AlishbaM
From your synopsis, I could tell this would be an awesome story, and wow your choice of words! Did I say wow? Anyways I could feel the tense atmosphere surrounding Evangeline, from her family, past, present and probably future. Chapter 5 gave me the chills, what made that thud? What is she going to meet. I love the thrilling aspect of your story. A brief suggestion, please it's a suggestion not a command. I appreciate the simplicity of your cover but I think with a cover which would portray your story in another perspective..., it would attract others to your story, you know what the unpopular opinion which dominates, "People do judge a book by its cover!" Keep up the good work!!! Supporting you all the way
AMMMMAAAAZIIIING Oh my... It just sucks you right in, and the descriptions? GIRLLLLL. You know what you’re doing, and if you don’t; YOU AREE DOING IT RIGHT. I don’t even know how you managed to find the right words to describe some of the feelings, because I find it astonishing how you were able to explain, almost effortlessly. Just...Wow. I have no words. P.S If you feel a little anxious to post your next chapter; afraid to do so, since sometimes the chapters don’t always have the same quality—have confidence. Orrrr...You can send it to me through discord ; D I’m gonna lay out my picnic blanket, cause I’ll be staying here for a looonggg time.

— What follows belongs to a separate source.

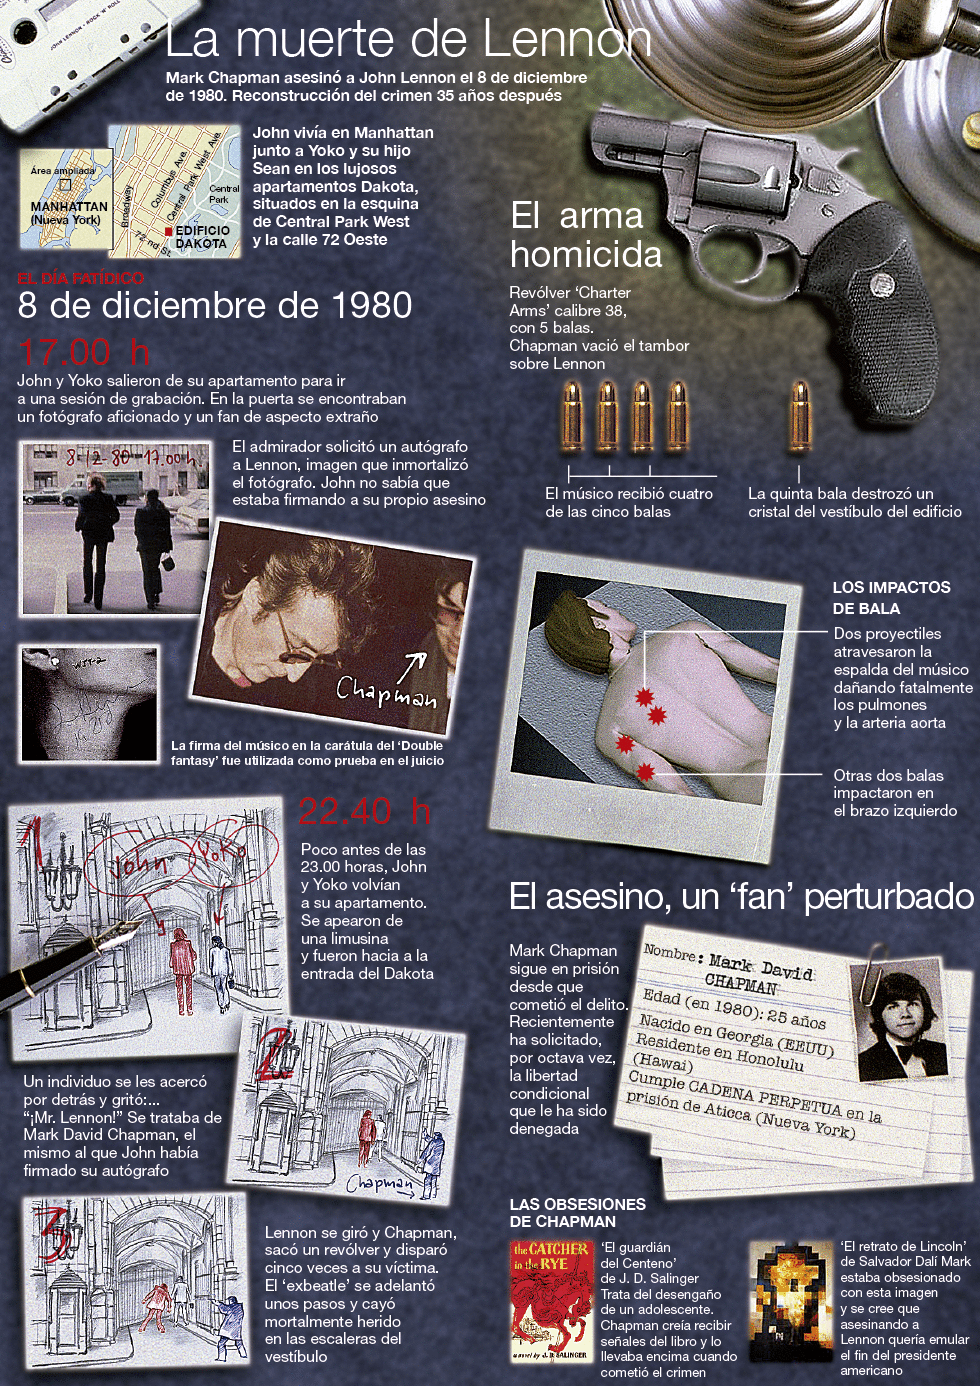 reconstruccin del asesinato de John Lennon el 8 de diciembre de 1980

This is a great work! I love how you describe your characters emotions and thoughts. The story development is good and the plotline is interesting! I also love the flow of your writing, it's clear and not all over the place. A bit more information about the setting would be good but it's definitely a worthy read!
well written with strong narrative sense, but the author has made something that is pretty fatal. Which is the usage of the brands, the brand is something forbidden for being mentioned in the novel. Except when we have the partnership deal with them. other than that, it looks good so far. looking forward to your next chapters.